🚌 Projet MDM - Mobilité Durable en Montagne ⛰️

*Author : Laurent Sorba*

*Date : 23/06/2025*

**Description :**

This Jupyter Notebook analyses the accessibility of the itineraries by measuring proximity to public transport stops, using pandas/geopandas to parse waypoints from the C2C CSV export for Isère `List_iti_D4G_isre.csv` and extract bus stop locations from a PostgreSQL SQL C2C dump  `UTF-8dump-c2corg-202505050900.sql.zip`. It performs spatial analysis to count itineraries within 0.5km–5km zones around bus stops using the EPSG:3857 coordinate system.

In [None]:
import binascii
import re
import struct

import geopandas as gpd
import matplotlib.pyplot as plt
import pandas as pd
from shapely.geometry import Point

# Set display options
pd.set_option("display.max_columns", None)

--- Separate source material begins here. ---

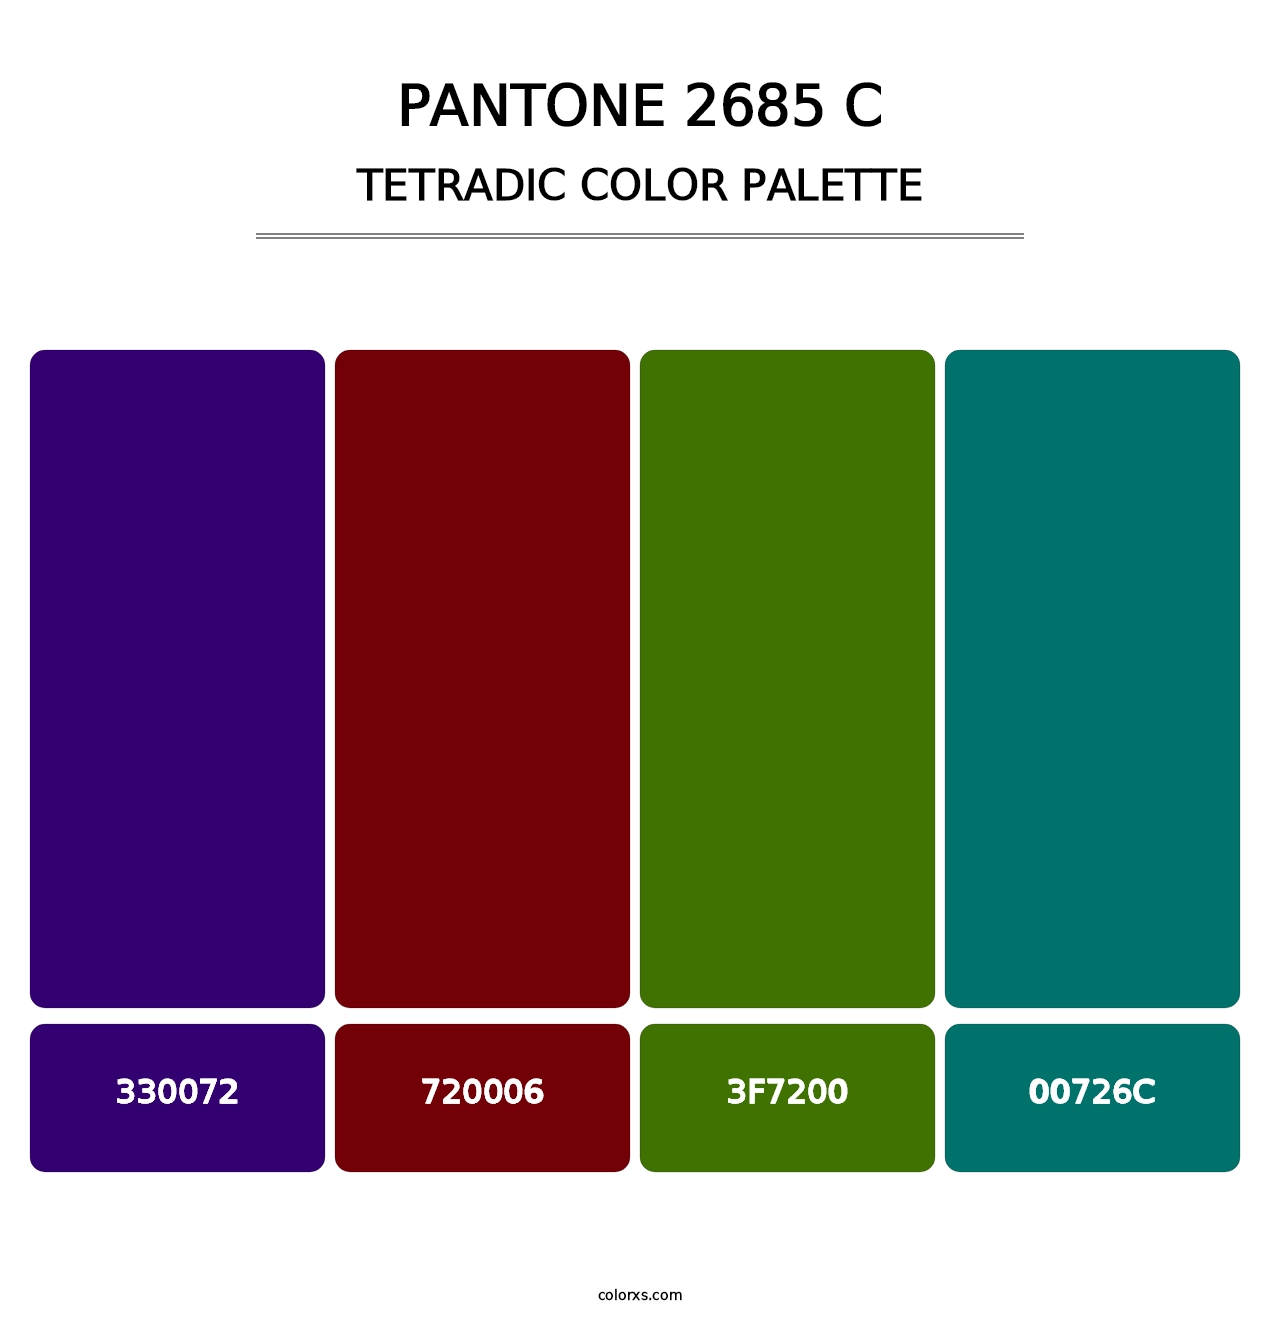 PANTONE 2685 C - Tetradic Color Palette
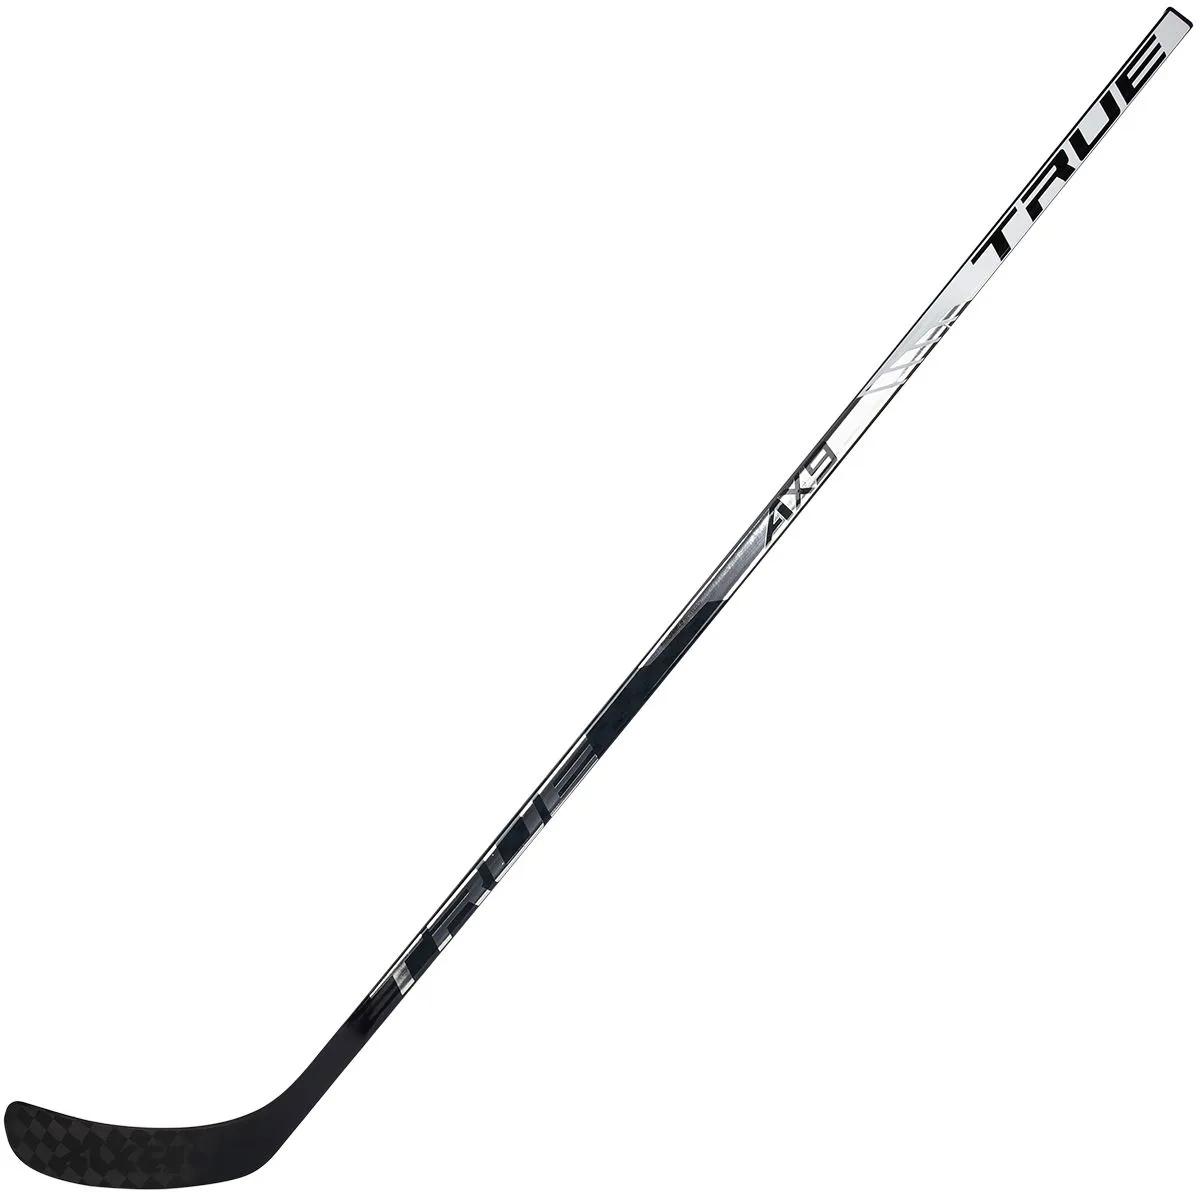 True AX9 Jr. Hockey Stickproduct zoom image #1

## 1. Load and Parse Itinerary Data from CSV

In [None]:
# Read CSV file
csv_path = "../data/C2C/Liste_iti_D4G_isere.csv"
df = pd.read_csv(csv_path, on_bad_lines="skip", low_memory=False)

# Display sample data
print("First 2 rows of original CSV:")
print(df.head(2).T)

## 2. Extract Waypoints from CSV

In [None]:
# Simplified pattern that focuses only on [X, Y] coordinates
coord_pattern = re.compile(r"\s*([+-]?\d+[\.\d]*)\s*,\s*([+-]?\d+[\.\d]*)\s*")

# List to store parsed waypoints
waypoints = []

# Identify waypoint columns (columns 9 onward)
waypoint_cols = df.columns[9:]

# Parse waypoints
for idx, row in df.iterrows():
    itinerary_id = row["Id itinéraire"]

    for col in waypoint_cols:
        cell = str(row[col])
        if not cell or cell == "nan":
            continue

        match = coord_pattern.search(cell)
        if match:
            try:
                x = float(match.group(1))
                y = float(match.group(2))

                waypoints.append({"itinerary_id": itinerary_id, "geometry": Point(x, y)})

            except (ValueError, TypeError):
                continue  # Skip invalid coordinates

# Create GeoDataFrame
if waypoints:
    wp_gdf = gpd.GeoDataFrame(pd.DataFrame(waypoints), geometry="geometry", crs="EPSG:3857")
    print(f"\n✅ Successfully parsed {len(wp_gdf)} waypoints")
else:
    print("🚨 No coordinates found. Check if any cell contains [X, Y] format.")

## 3. Load Bus Stop Data from PostgreSQL

In [None]:
from shapely.geometry import Point


def parse_sql_dump(sql_file):
    # Pattern to match INSERT statements
    insert_pattern = re.compile(r"INSERT INTO guidebook\.stopareas VALUES (.*?);", re.DOTALL)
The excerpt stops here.